→ **Your assignment**
Without any images, write the data out exactly as it appears.

→ **Given information**
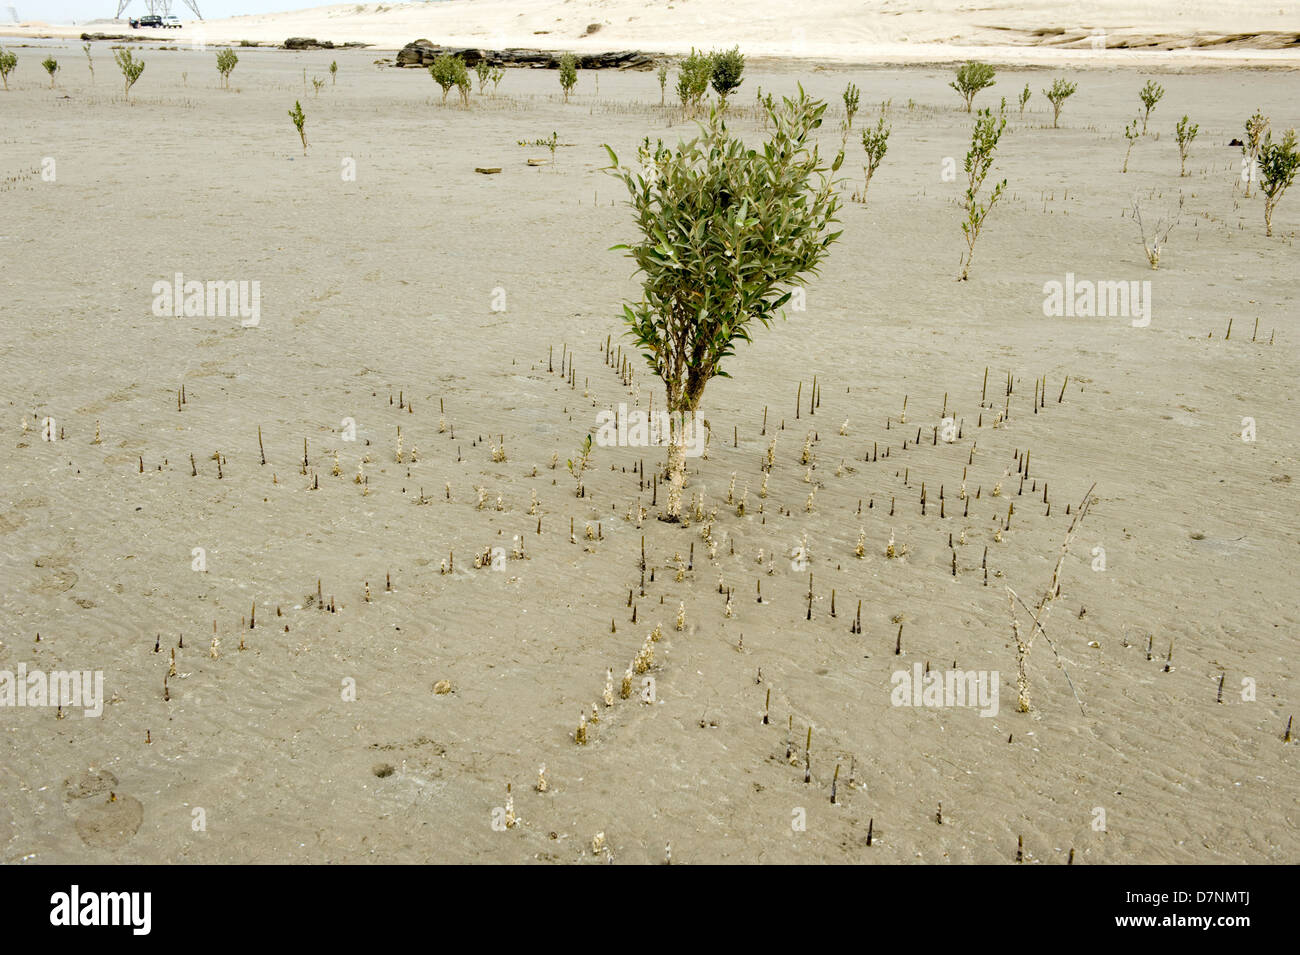 Une jeune mangrove gris, Avicennia marina, arbre à marée basse avec des racines aériennes ou pneumatophores coller jusqu'au-dessus du sable Banque D'Images
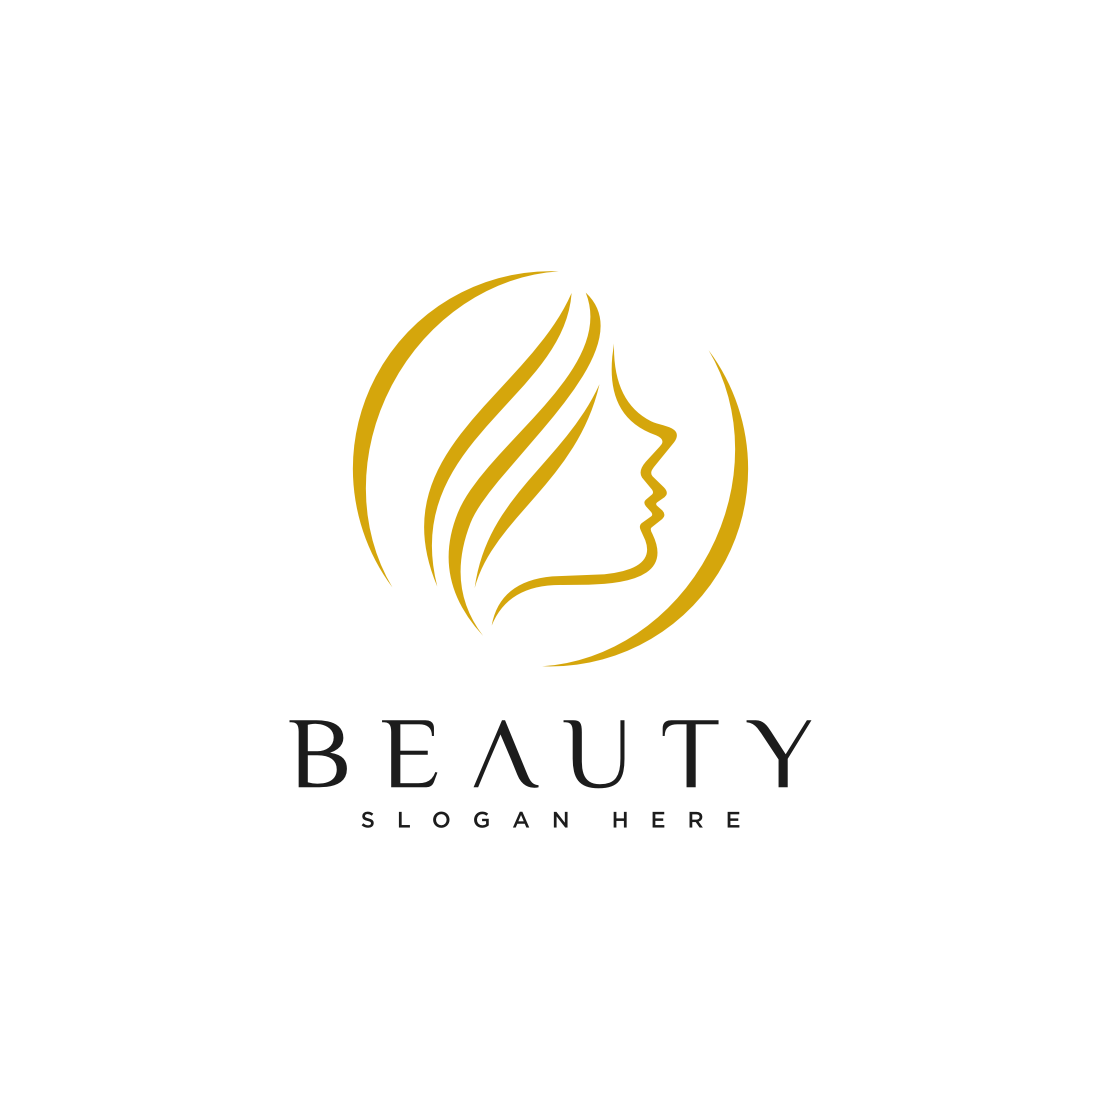 Beauty Woman Face Logo Vector Design main cover
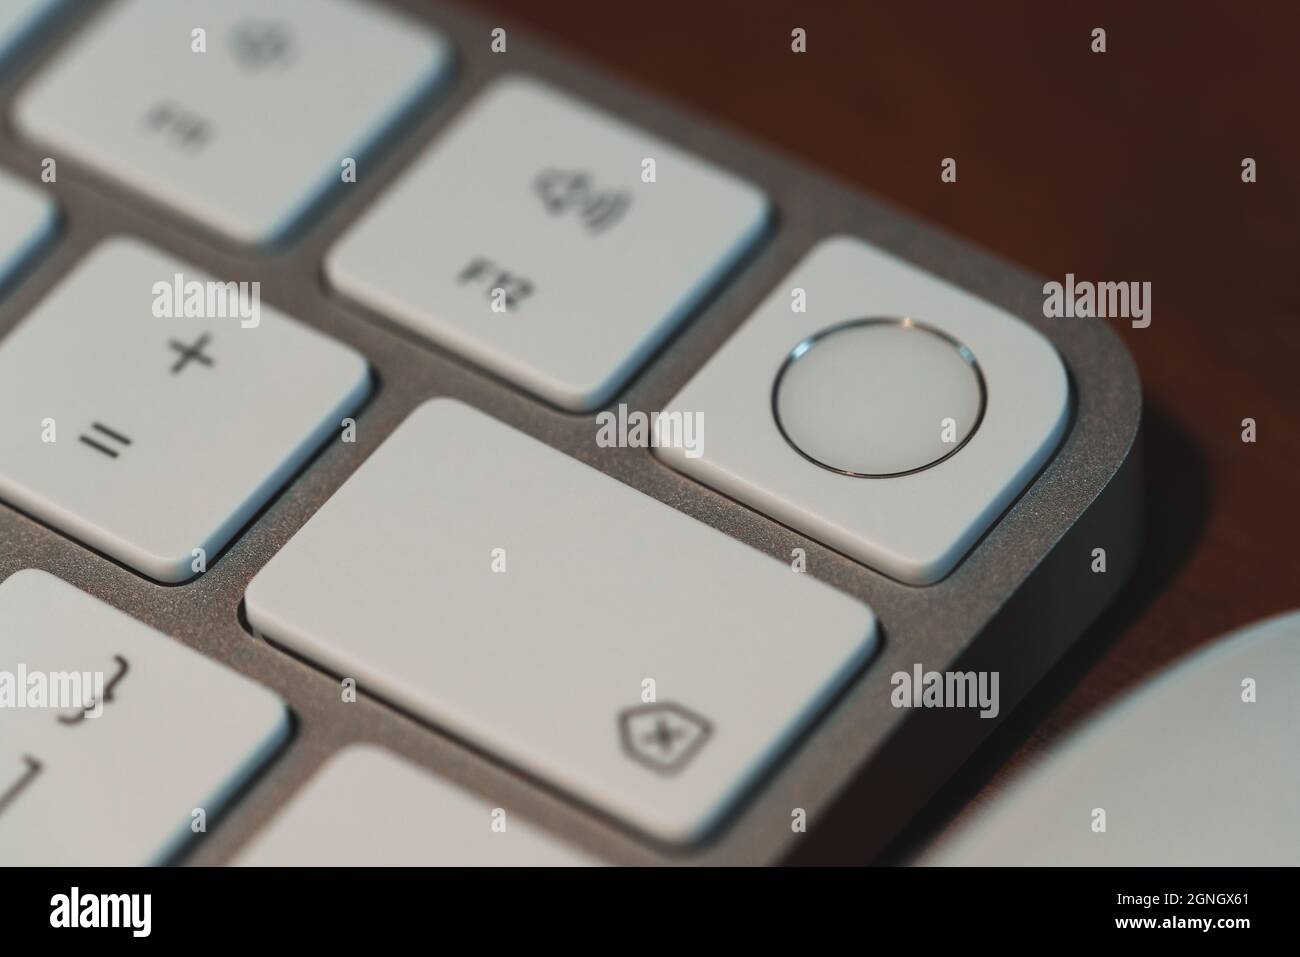 Londres, Royaume-Uni - 25 mai 2021 : gros plan de l'élément Touch ID sur le nouveau clavier Apple Magic introduit en 2021 en même temps que le nouvel iMac. Banque D'Images
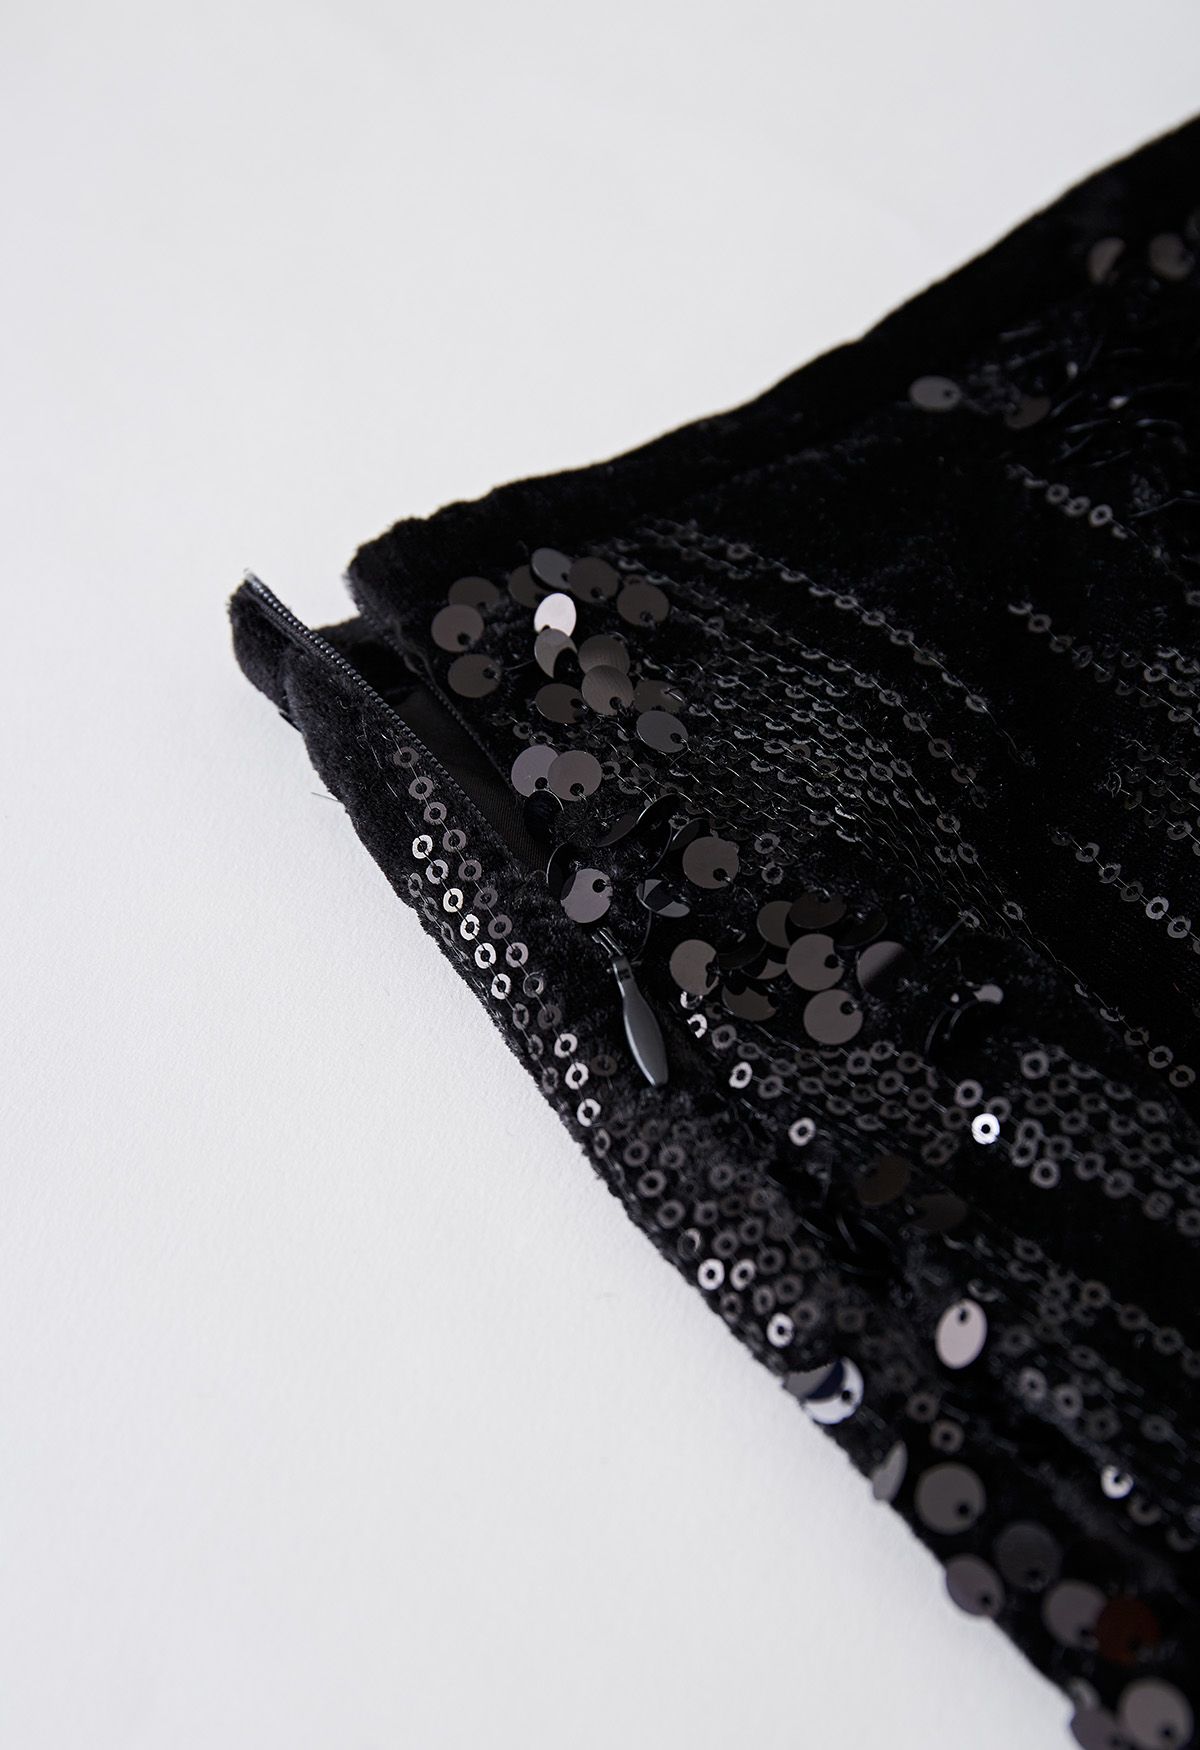 Velvet Sequins Embellished Pencil Skirt in Black

→ **Solution to the exercise**
 Une jeune mangrove gris, Avicennia marina, arbre à marée basse avec des racines aériennes ou pneumatophores coller jusqu'au-dessus du sable Banque D'Images
 Beauty Woman Face Logo Vector Design main cover
 Londres, Royaume-Uni - 25 mai 2021 : gros plan de l'élément Touch ID sur le nouveau clavier Apple Magic introduit en 2021 en même temps que le nouvel iMac. Banque D'Images
 Velvet Sequins Embellished Pencil Skirt in Black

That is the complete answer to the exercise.